Orangutans instinctively know how to use hammers to crack nuts and do not need to be taught, study reveals
- Scientists have learned orangutans can use tools to crack nuts
- Some of the orangutans did not observe the behavior from others, surprising researchers
- Four orangutans at Leipzig Zoo and eight at Zurich Zoo were given nuts and hammers
- Of the 12, four used the wooden hammers to spontaneously crack the nuts, despite having no experience at all
- Only chimpanzees, capuchins and macaques were previously known to be able to crack nuts with tools
Sometimes you feel like a nut, sometimes you crack them open using only instinct.
Scientists at Germany’s University of Tübingen have learned that orangutans living in zoos can use tools to crack nuts, becoming one of just a few species of primates with the capability of doing so.
Additionally, some of the orangutans did not observe the behavior from others, a fact that surprised the researchers.
Four orangutans at Leipzig Zoo in Germany were given nuts and hammers, as were eight orangutans at Zurich Zoo.
Scientists have learned orangutans living in zoos can use tools to crack nuts.
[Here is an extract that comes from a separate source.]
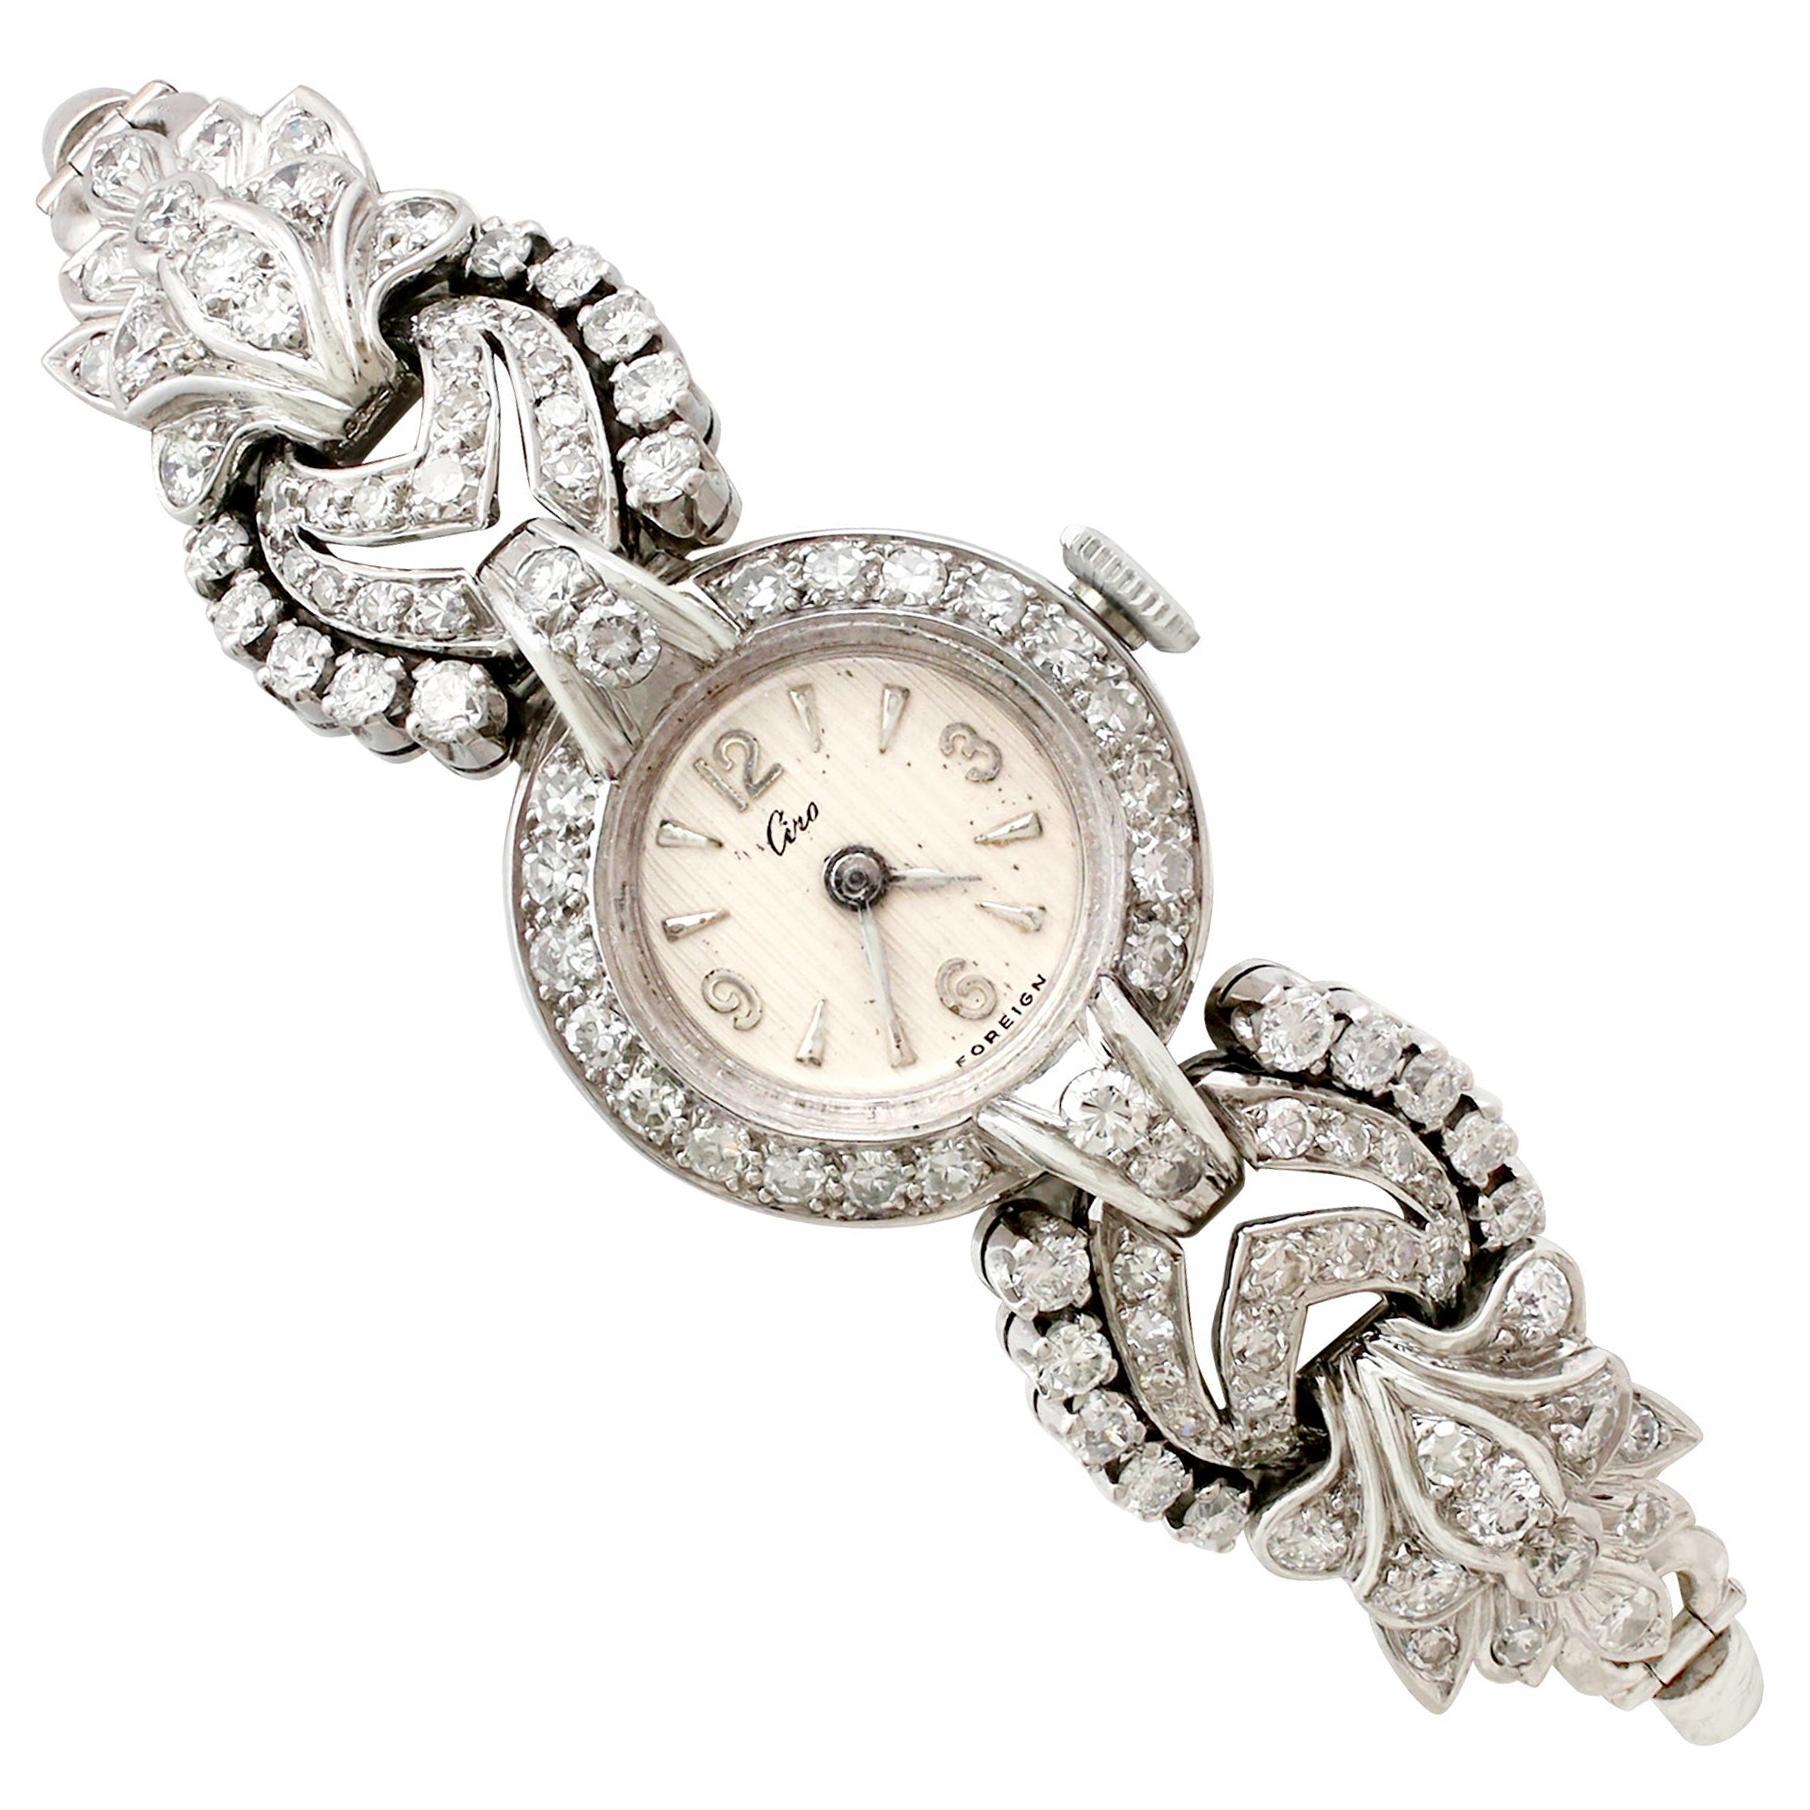 1950s 2.92 Carat Diamond and Platinum Cocktail Watch
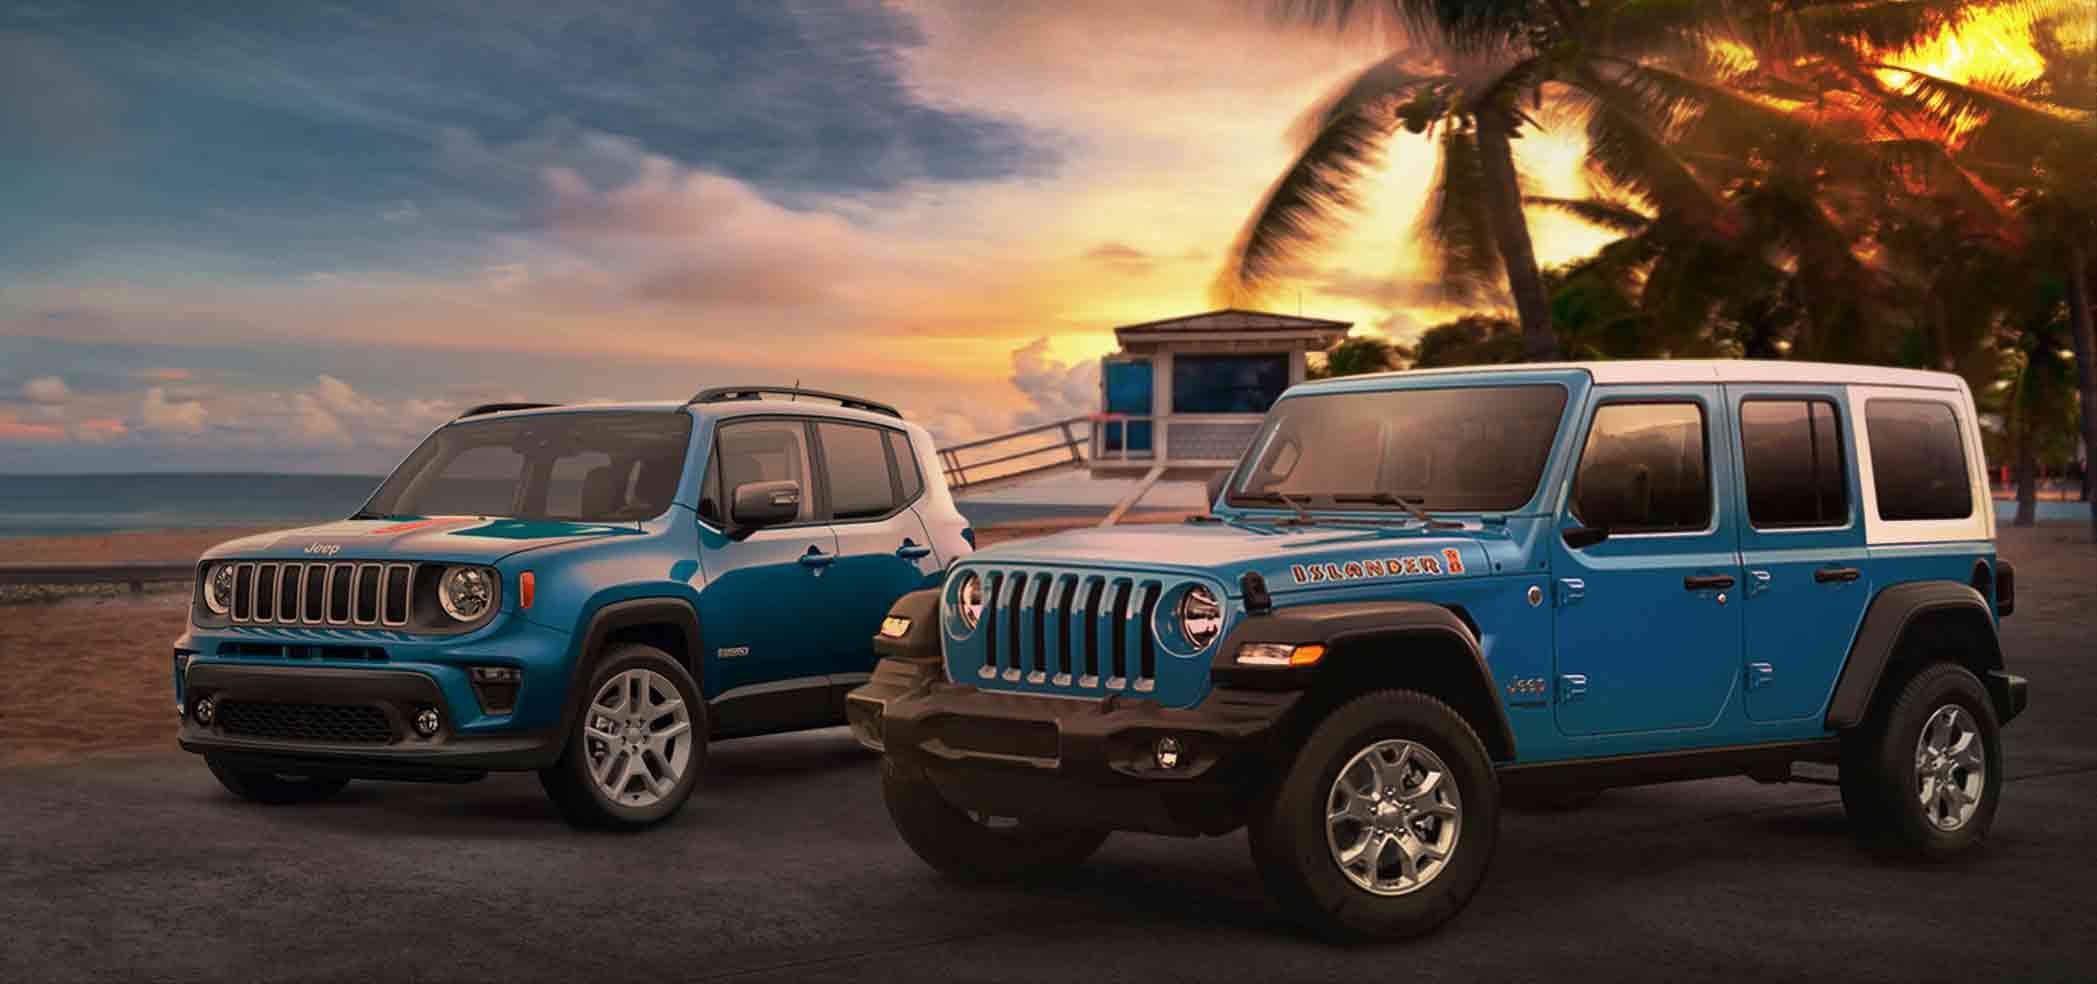 Jeep-Wrangler-Renegade-Islander-Trim

Some of the orangutans did not observe the behavior from others, surprising researchers
Four orangutans at Leipzig Zoo and eight at Zurich Zoo in Germany were given nuts and hammers
Of the 12 orangutans tested, four (one in Leipzig and three in Zurich) used the wooden hammers to spontaneously crack the nuts, despite having no experience at all.
‘The orangutans can even develop this complex behavior purely through individual learning,’ said the study’s lead author, Elisa Bandini, in a translated statement.
One orangutan tried to use an anvil (a tree root or stone) as a hammer, but when the anvil was fixed to the ground, the orangutan used the wooden hammer to get the nuts cracked.
The other three orangutans, all older, used their hands or teeth to help crack the nuts.
‘For those three larger animals, biting the nuts got them what they wanted,’ said study co-author, Claudio Tennie, in the statement.
‘After chimpanzees, the orangutans are the great apes with the second largest repertoire of known tool use. So far, however, wild animals have not been observed cracking nuts,’ Tennie added in the statement.
Just a few species of mammals have been known to crack nuts in the wild – chimpanzees (which can also use tools without observing others), capuchins and macaques – long considered one of the complex behaviors of tool usage.
Of the 12, four used the wooden hammers to spontaneously crack the nuts, despite having no experience at all
Some researchers thought that this behavior required the ability to be learned, but that however, is not the case, Baldini explained.
‘Up to now, science had assumed the opposite assumption and had even expected that the skill would become extinct in great apes if it could not be passed on culturally.’
The study was published earlier this week in the American Journal of Primatology.
WHEN DID HUMANS START USING TOOLS?
It is hard for scientists to say precisely when humans started making tools because the more primitive remains look like a natural object rather than a human artefact.
The oldest-known instruments are the Oldowan stone tools from Ethiopia, which date back about 2.6 million years.
The Acheulean tool technology period – up to 1.76 million years ago – featured large stone hand axes made from flint and quartzite.
Towards the end of this period, the tools became more refined and then followed the so-called Levallois technique, which saw the creation of scrapers, slicers, needled and flattened needles.
About 50,000 years ago more refined and specialised flint tools were made and used by Neanderthals and it is believed it was at this stage tools were constructed out of bone.
As human culture advanced, artefacts such as fish hooks, buttons and bone needles were used.
Cut marks have found on animal bones that have been dated to be 3.4 million years old – around the time that a squat ape-like ancestor called Australopithecus afarensis – known as Lucy – roamed Africa.